# [Requirement]
Would you return exactly the lines below from the line with "Carnival Legend Arrives" through the line with "Ceramic, flower-shaped bowls", both included, and nothing else, leaving out the pictures?

# [Source material]
--------------------------------------------------
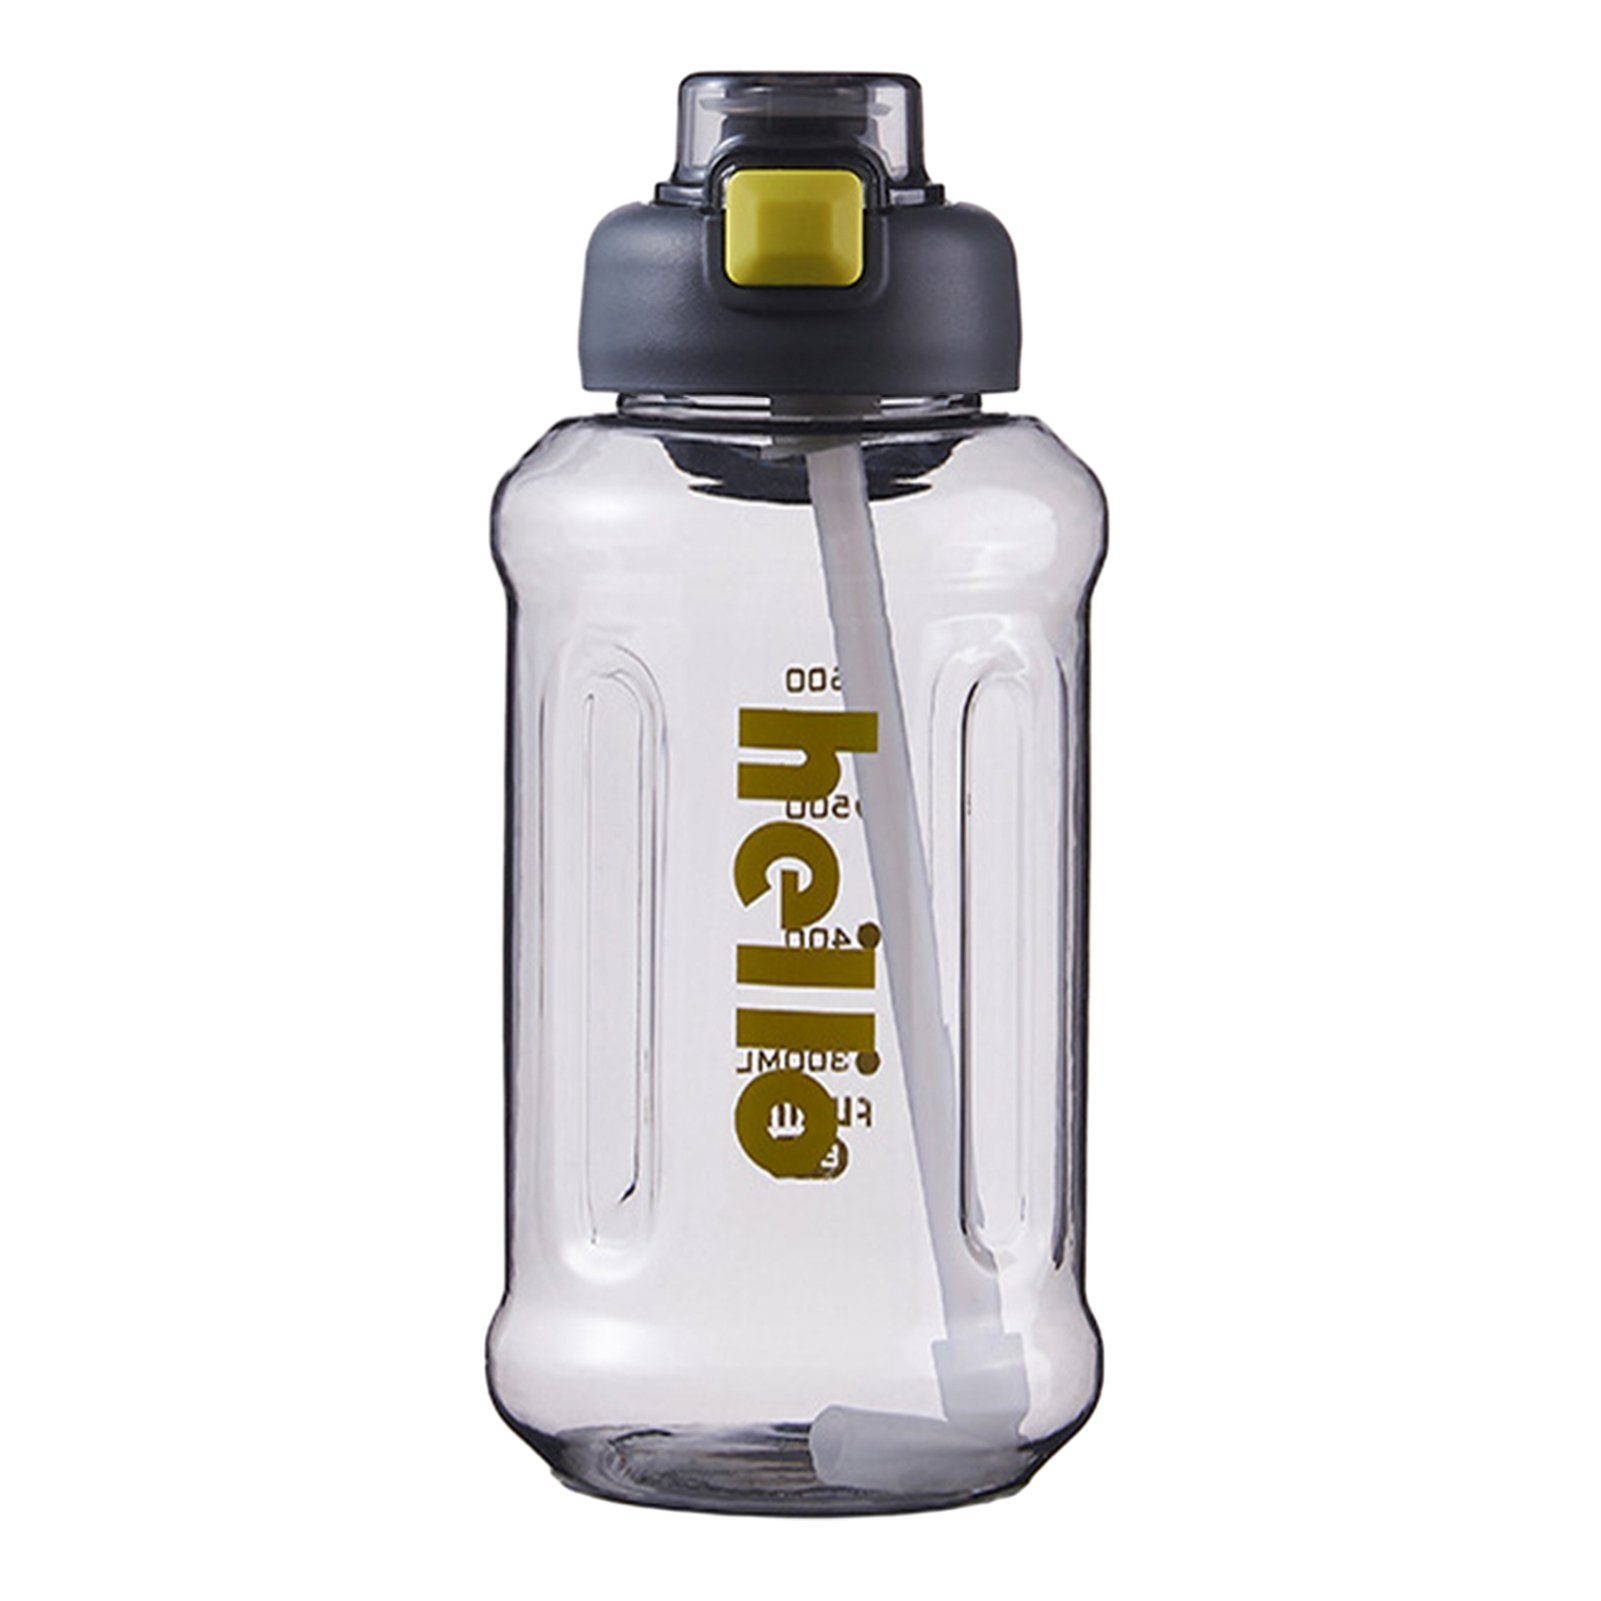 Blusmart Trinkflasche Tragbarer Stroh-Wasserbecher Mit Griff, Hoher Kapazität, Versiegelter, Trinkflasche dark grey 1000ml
--------------------------------------------------
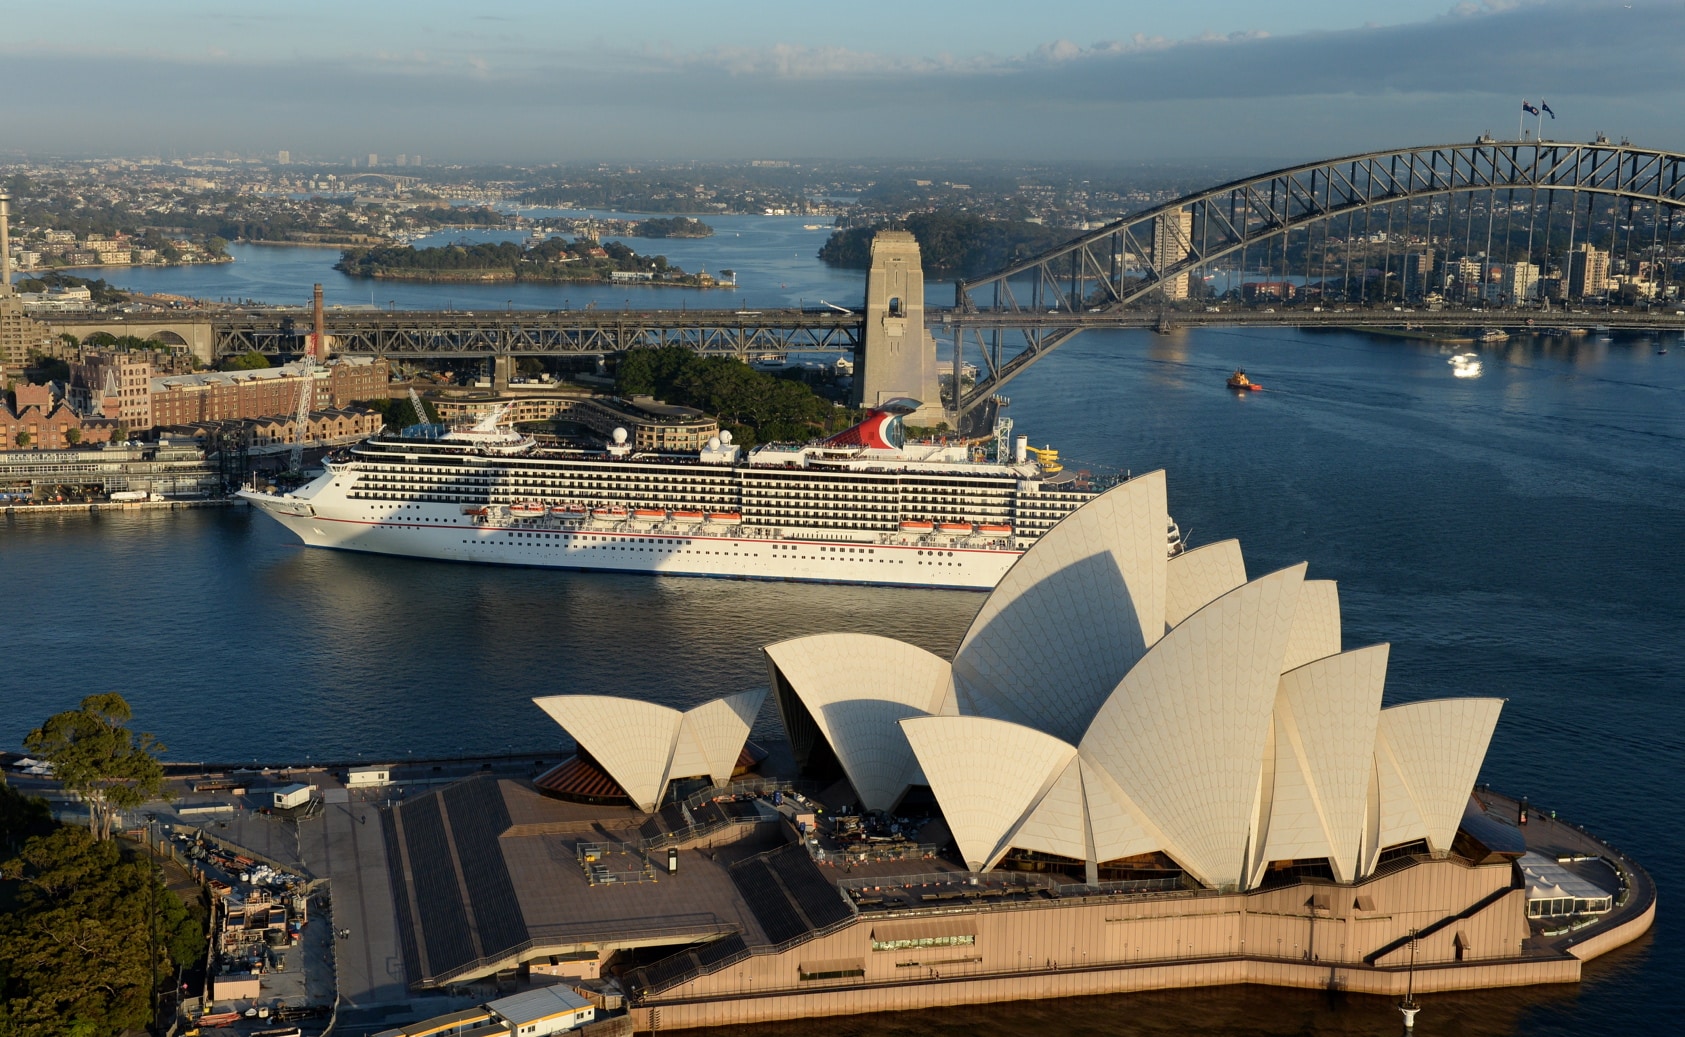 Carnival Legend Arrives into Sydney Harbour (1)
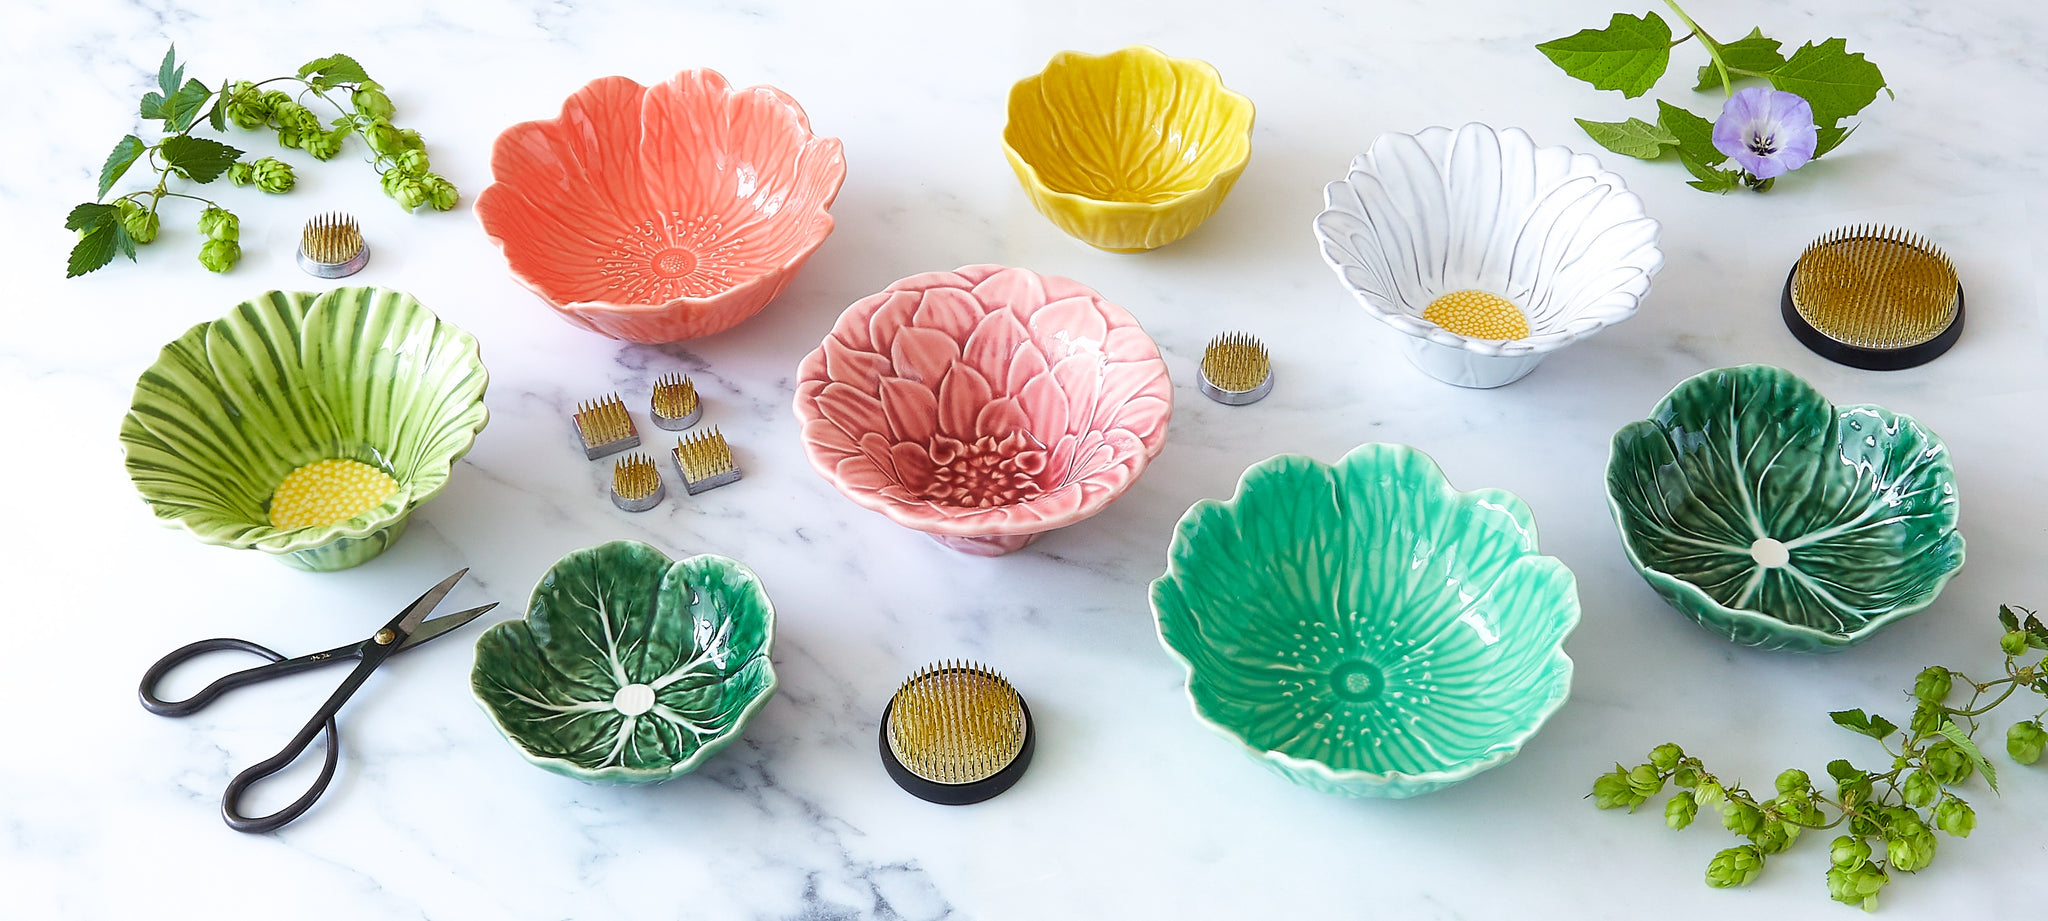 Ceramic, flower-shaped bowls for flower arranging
--------------------------------------------------
# [The completed task]
 Carnival Legend Arrives into Sydney Harbour (1)
 Ceramic, flower-shaped bowls for flower arranging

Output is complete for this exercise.